British economic growth slowed as expected in the second quarter of this year to its weakest rate in three years as private housebuilding slumped, the Office for National Statistics said.
The ONS said GDP rose by 0.2% in the three months to June, bringing the annual rate down to 1.6% from 2.3% in the first quarter.
The Bank of England is expecting the economy to slow but its ability to cut interest rates is being hampered by soaring inflation which is running at nearly double the central bank's 2% target.
The ONS said the economic slowdown in Q2 was driven by a 0.7% fall in construction output - the biggest drop since the third quarter of 2005 and the result of sharp declines in housebuilding as a decade-long housing boom swiftly reverses into a slump.
Construction output would have been even weaker, the ONS said, without a boost from government spending on infrastructure projects.
Housebuilders have announced over 4,000 job cuts in recent weeks and are likely to remain under pressure as record low mortgage approvals point to further sharp falls in house prices.

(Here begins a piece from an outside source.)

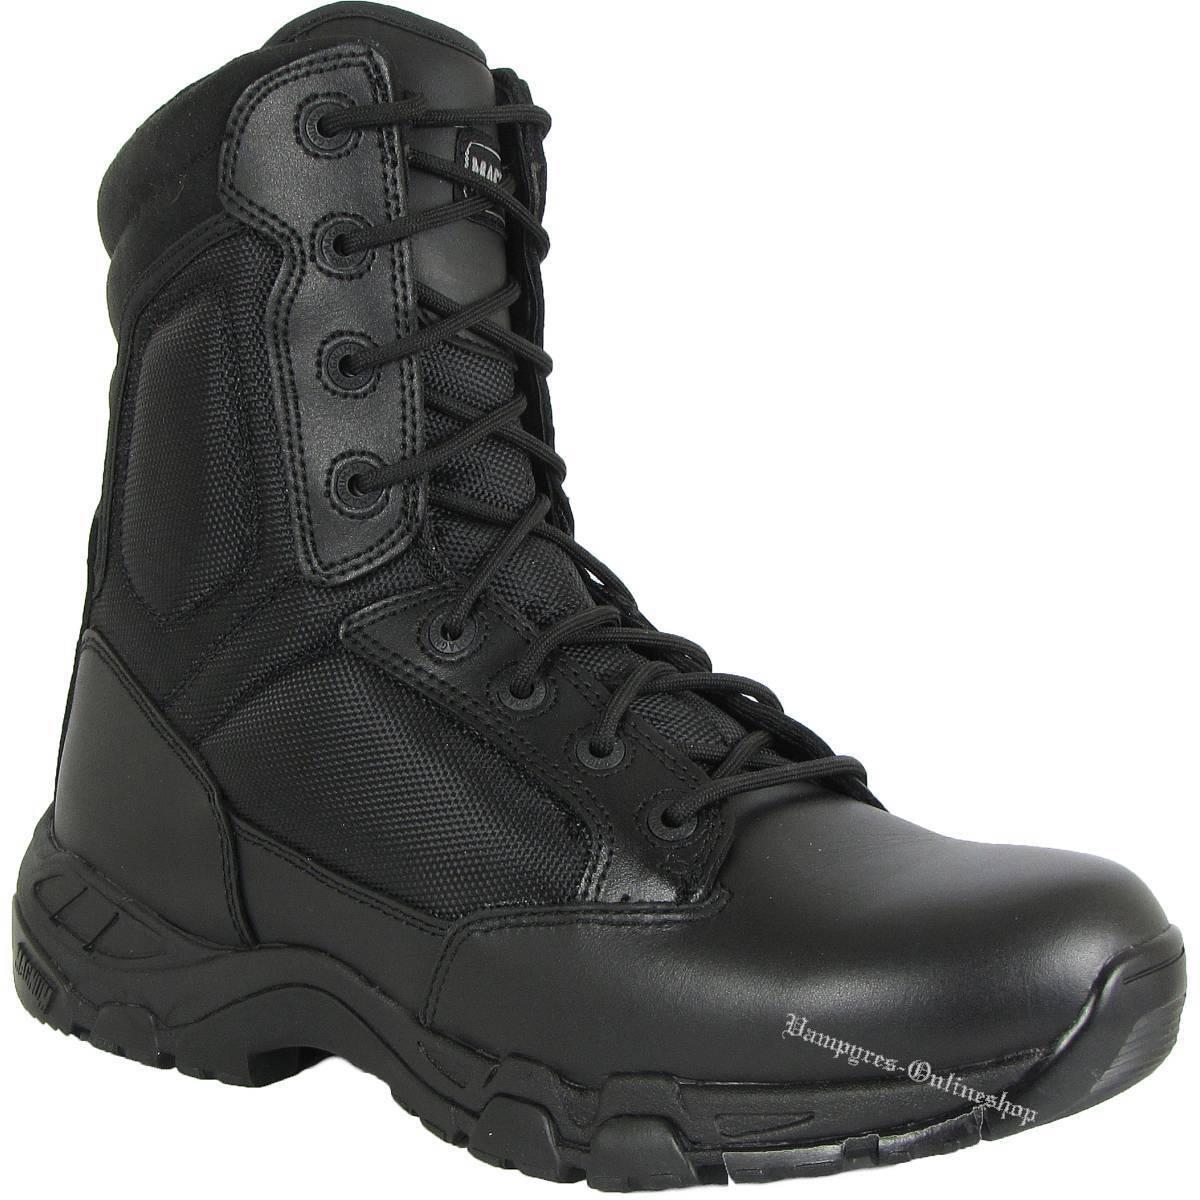 Hi-Tec Magnum Viper pro 8.0 8.0 8.0 SZ side ZIP zapatos HITEC Security botas negro  tienda de venta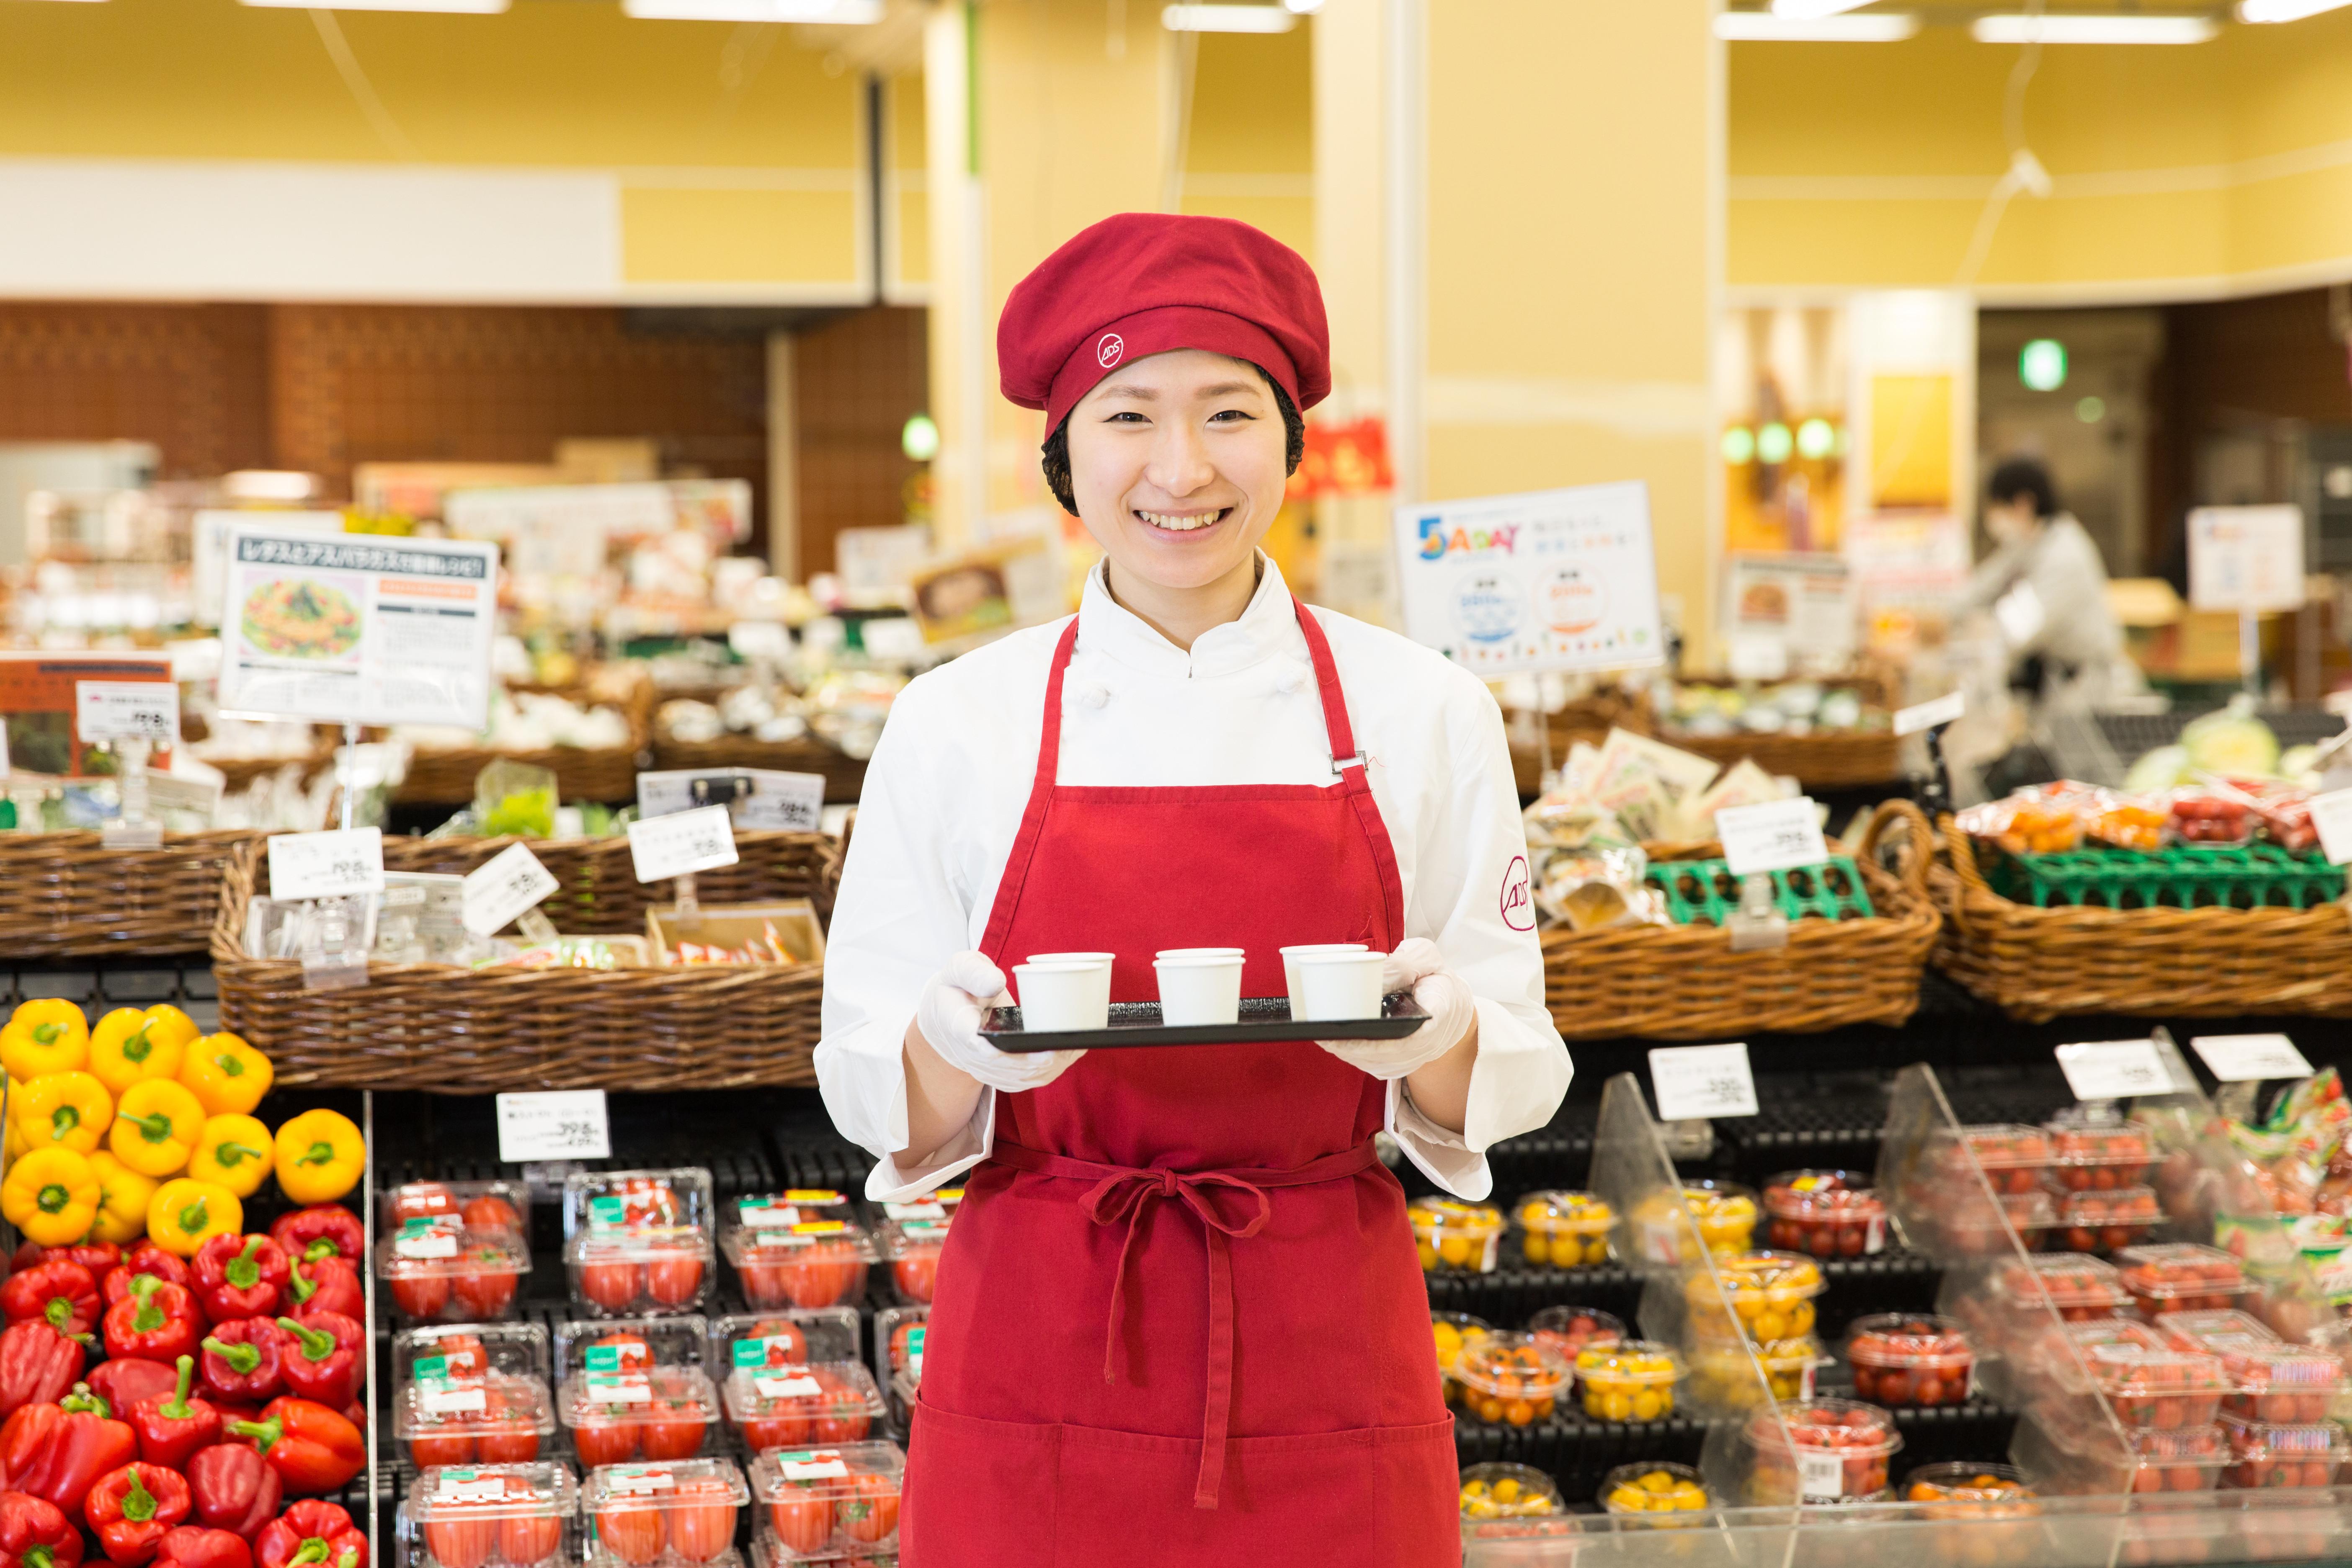 イオン 姫路店 のアルバイト情報

The sector only accounts for 6% of the economy but the much bigger service sector - which constitutes 74% of GDP - has also slowed dramatically in the last few quarters.
Between April and June, services sector output rose by 0.4%, putting it just 2.1% higher on the same time a year ago. That was the weakest annual growth since 1992, when the economy was emerging from the last recession.
Within services industries, however, the transport, storage and communications category showed a 2.2% jump in the quarter - the biggest rise since the second quarter of 2000.